Retype all of the data word for word, without pictures.
===== STORED DATA =====
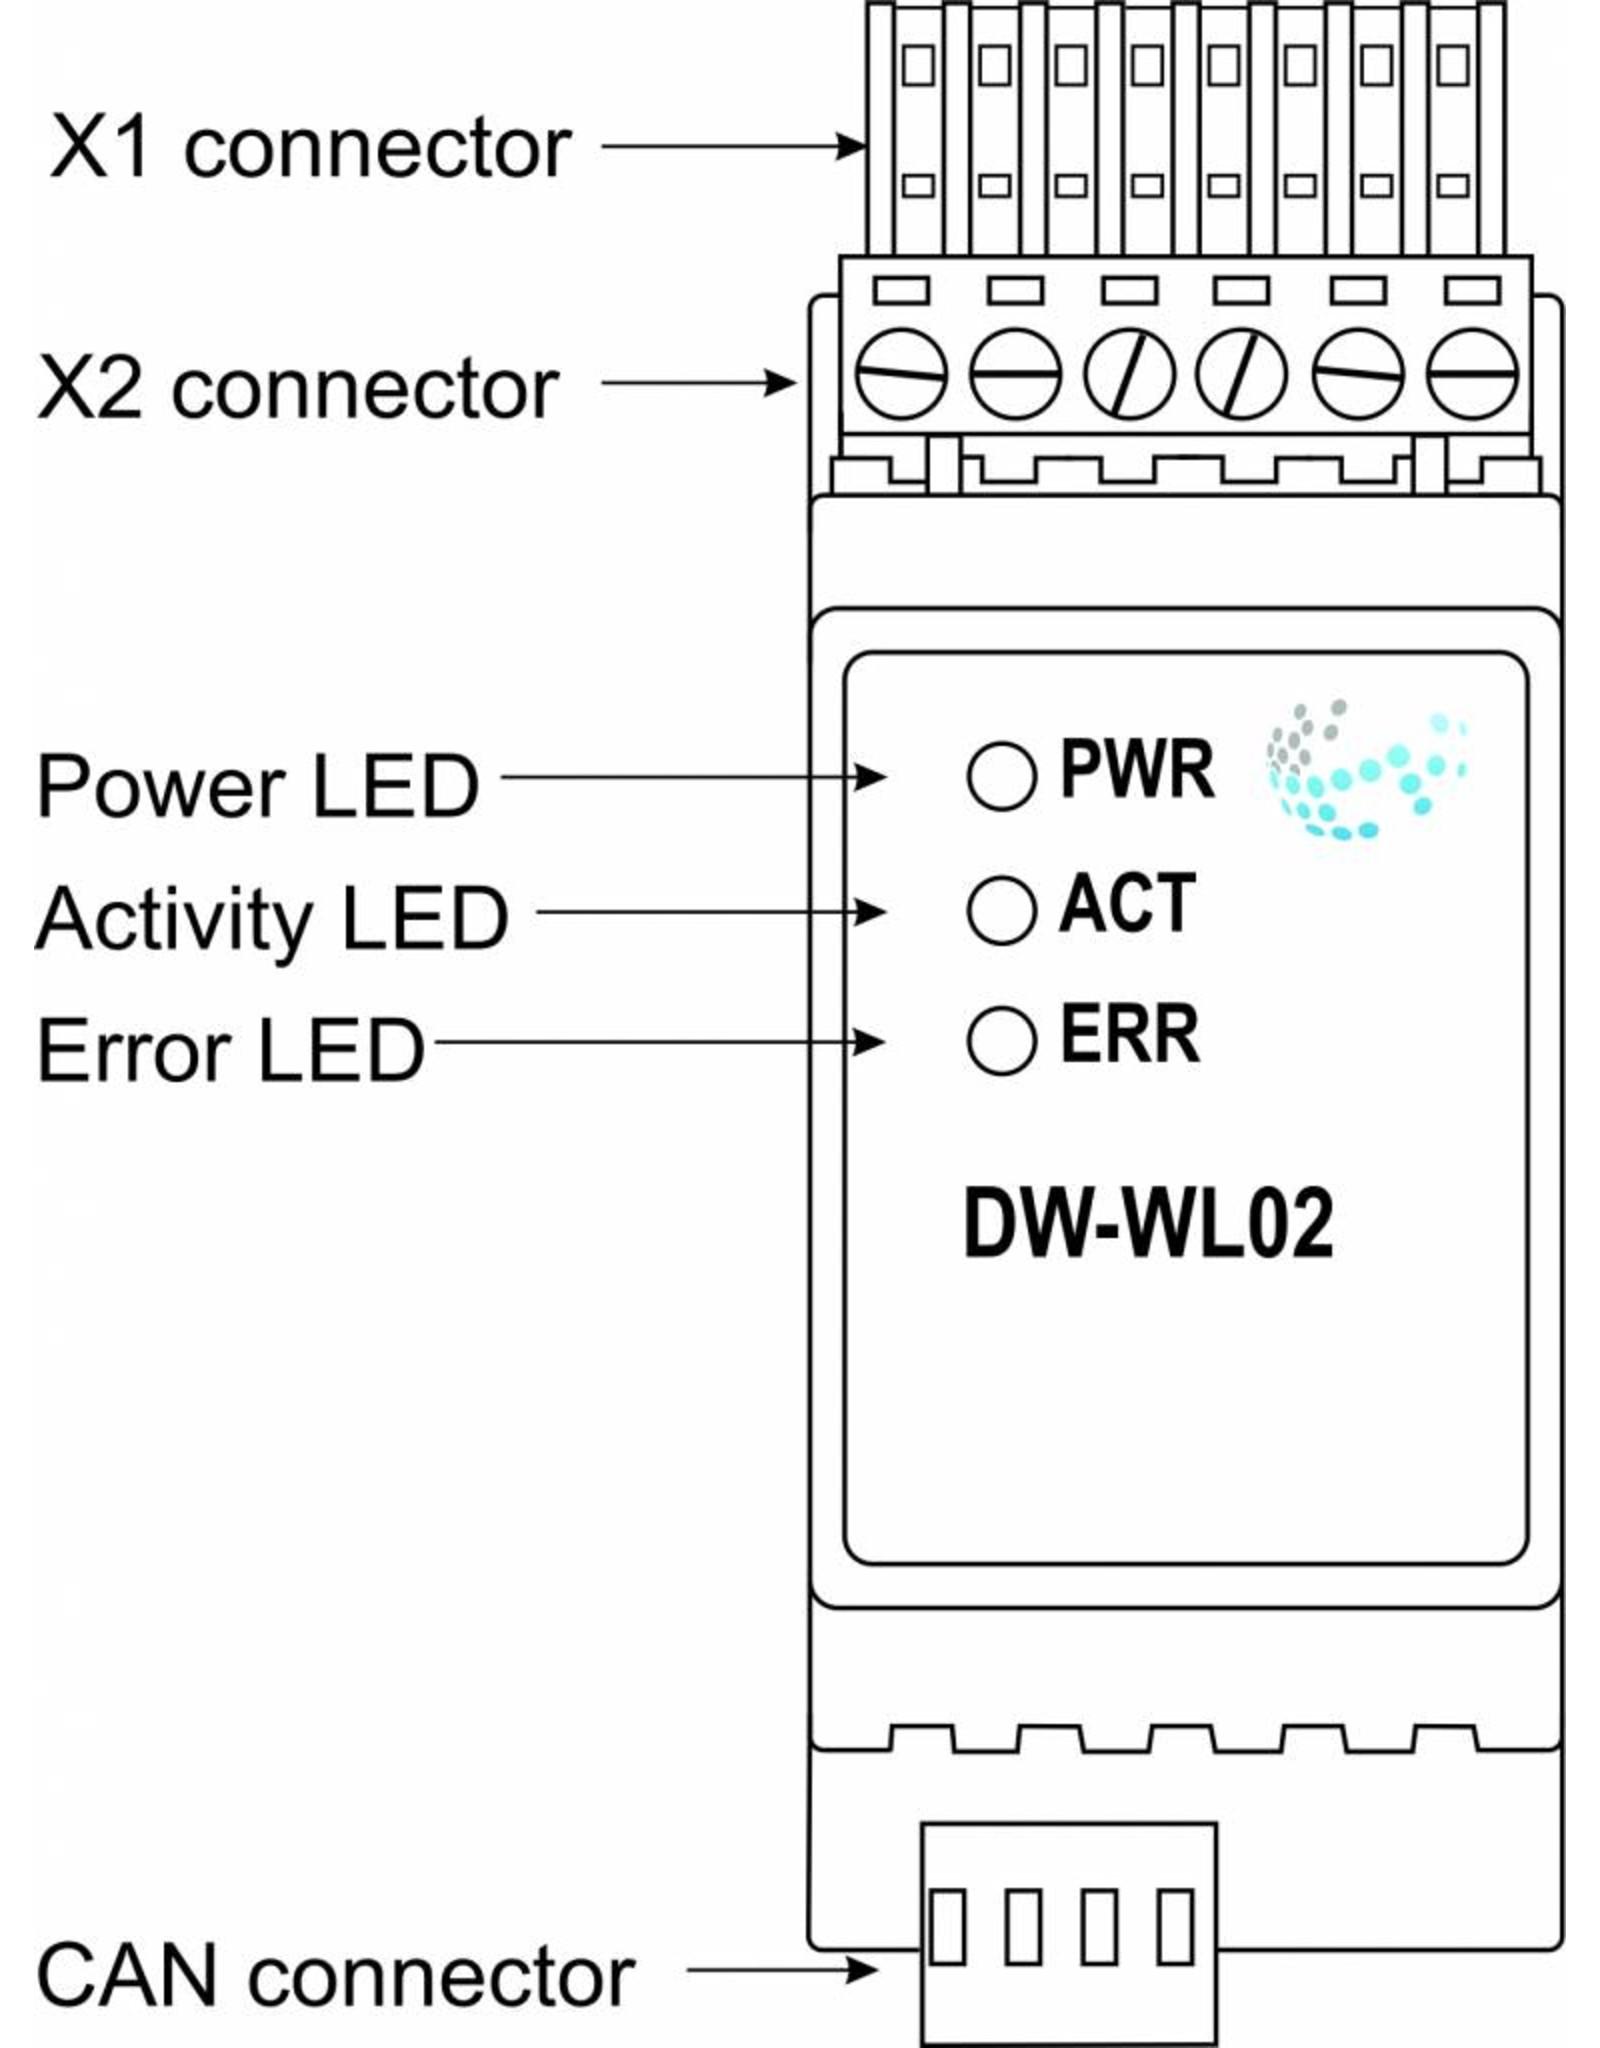 Larnitech DW-WL02
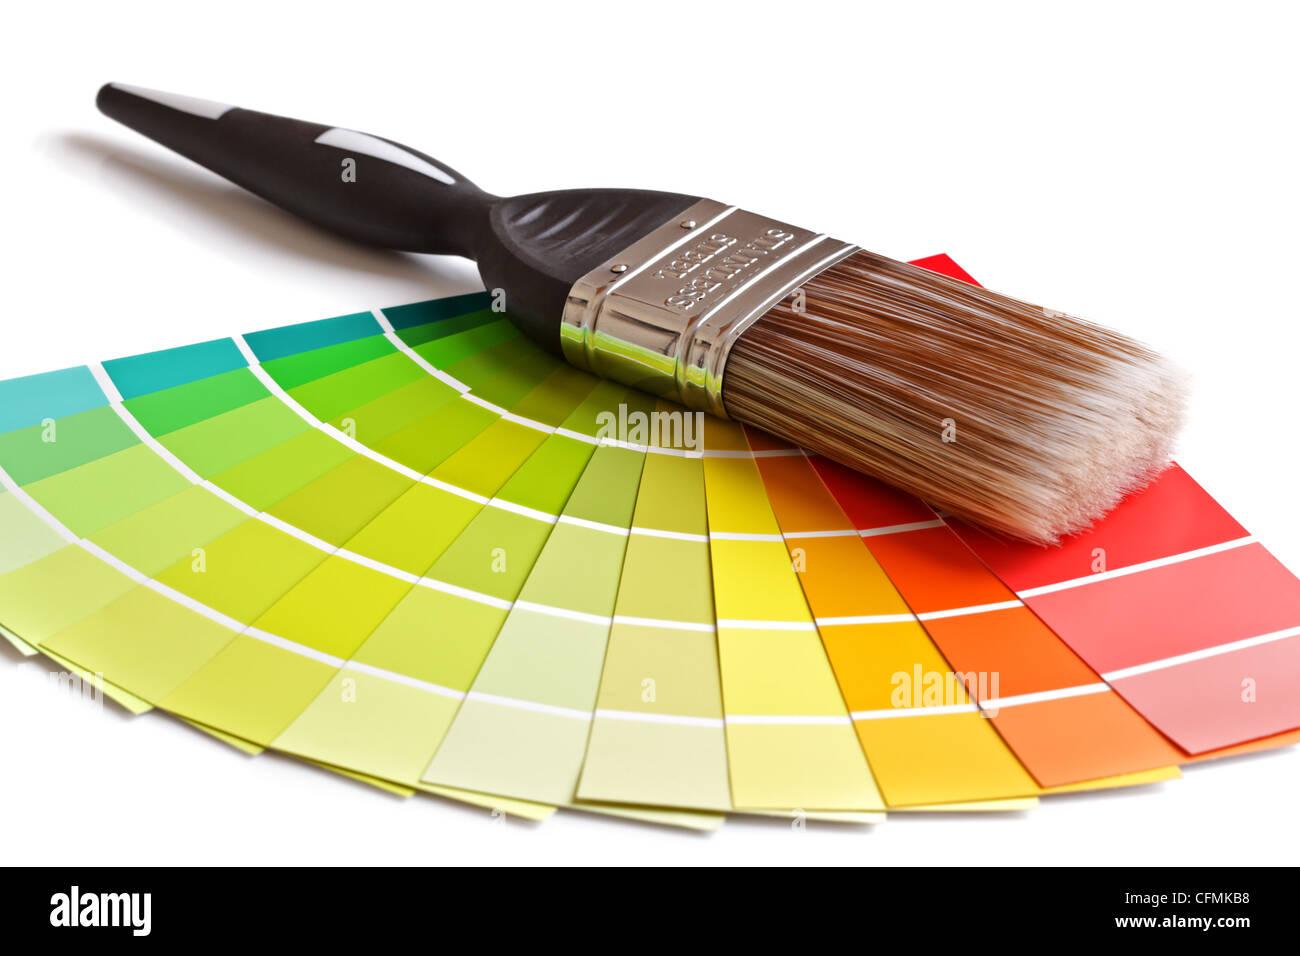 Spazzola di vernice e campioni Immagini Stock
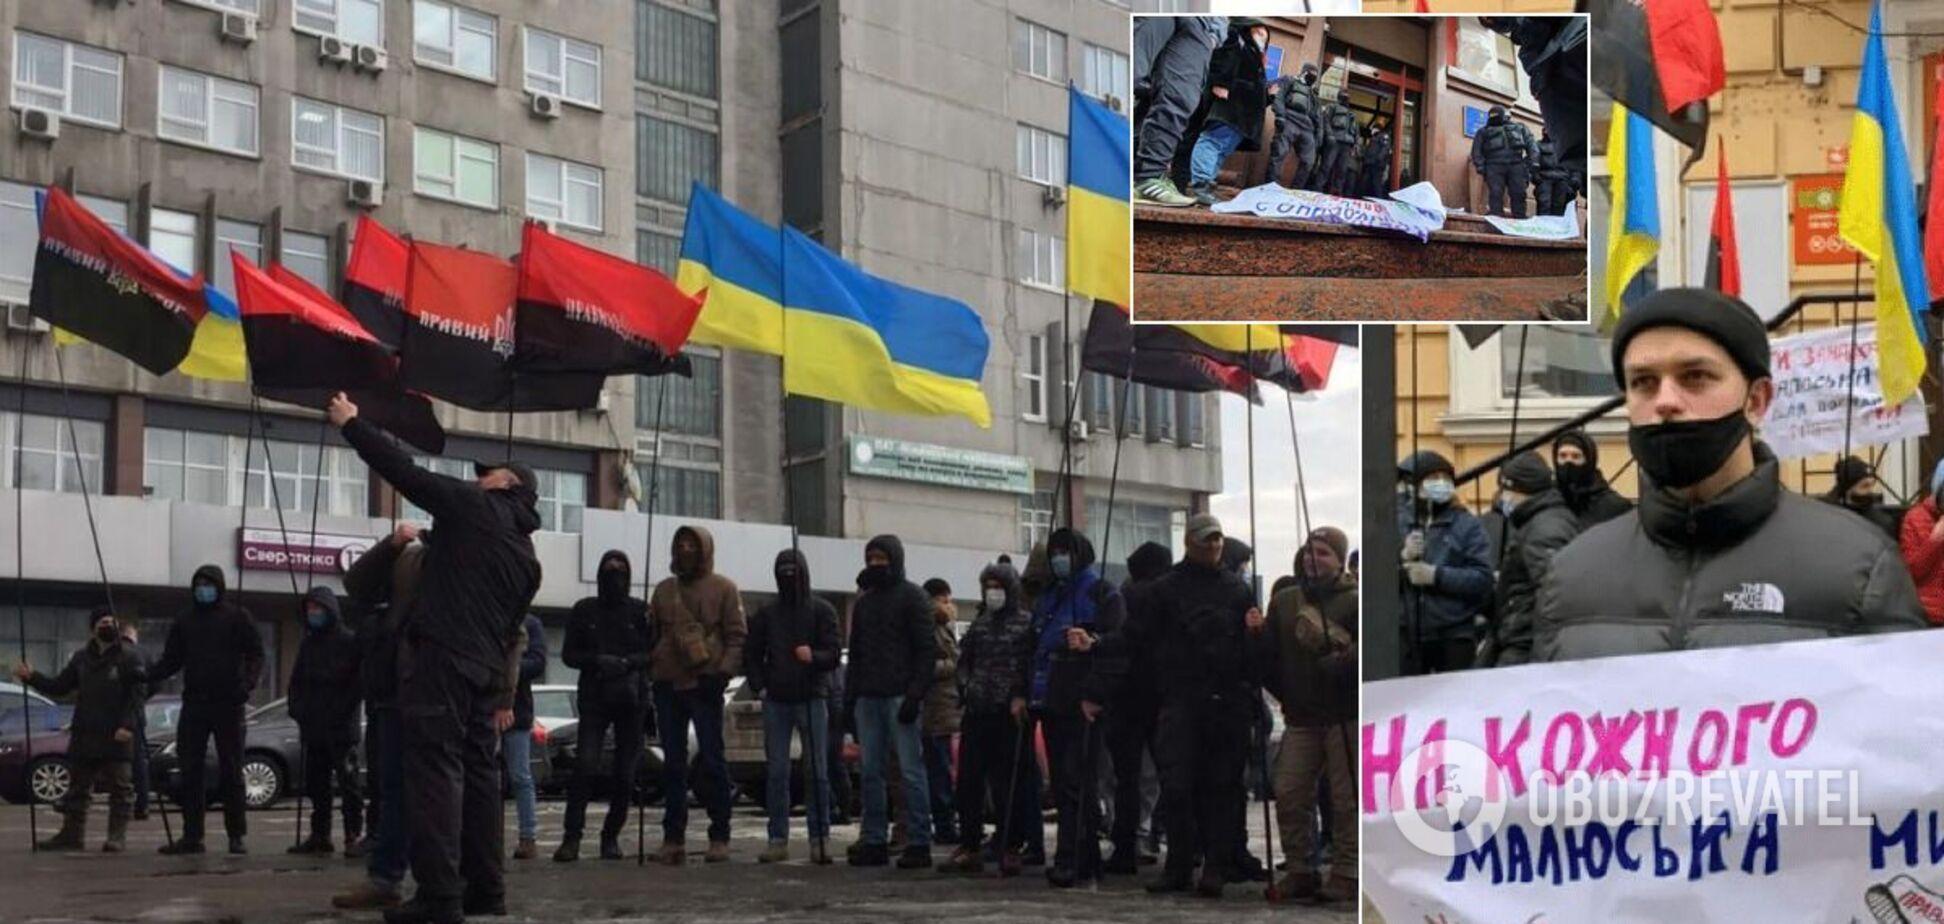 'Лівий' бізнес 'правих' радикалів: чому ПС тисне на міністра Малюську в інтересах рейдерів?
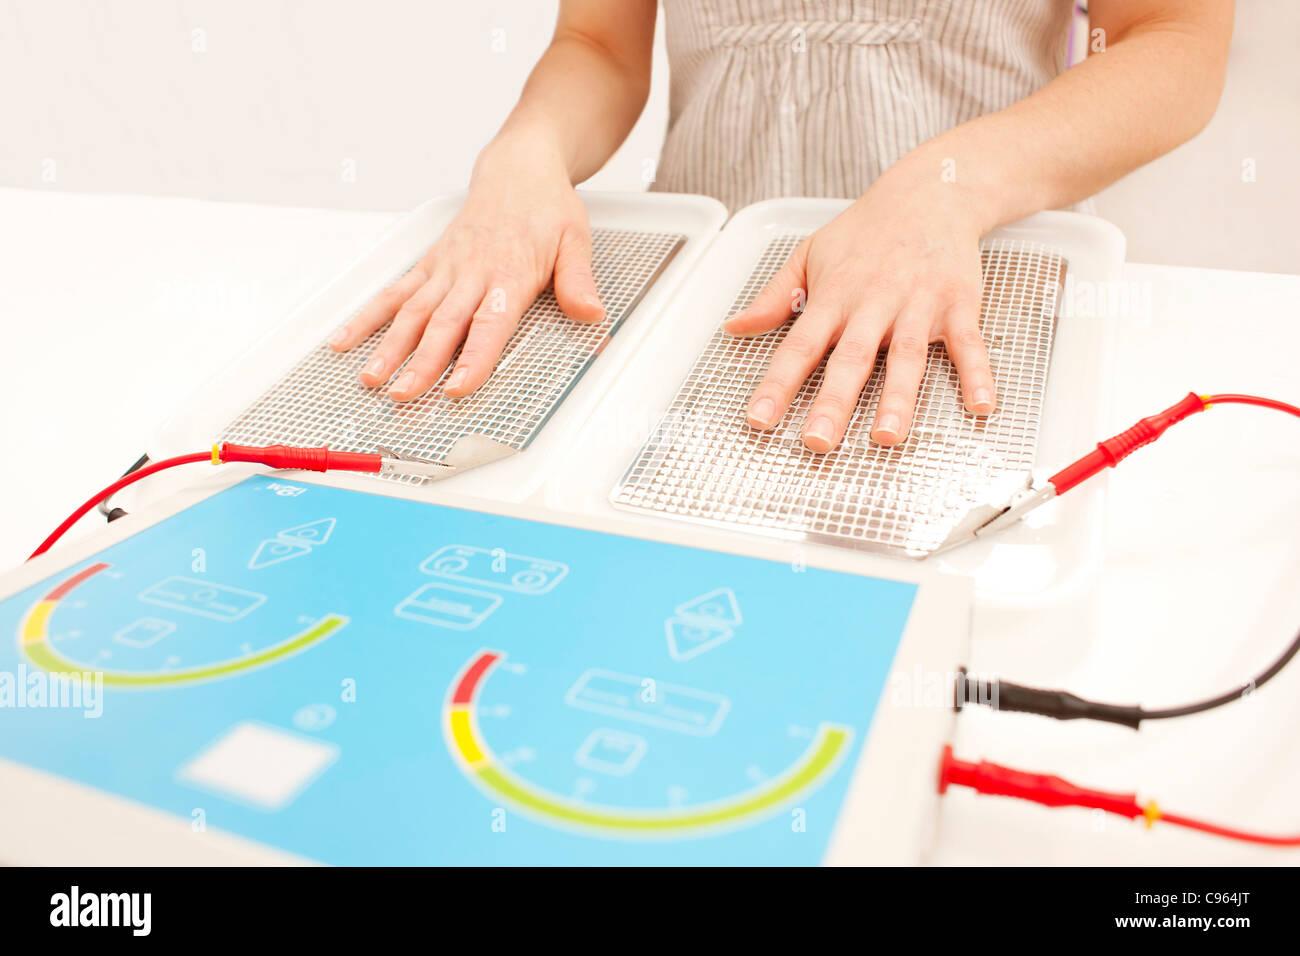 Iontoforesis. Este es un tratamiento para el exceso de sudoración de las manos. Imagen De Stock
=====
[SOLUTION TO THE EXERCISE]:
 Larnitech DW-WL02
 Spazzola di vernice e campioni Immagini Stock
 'Лівий' бізнес 'правих' радикалів: чому ПС тисне на міністра Малюську в інтересах рейдерів?
 Iontoforesis. Este es un tratamiento para el exceso de sudoración de las manos. Imagen De Stock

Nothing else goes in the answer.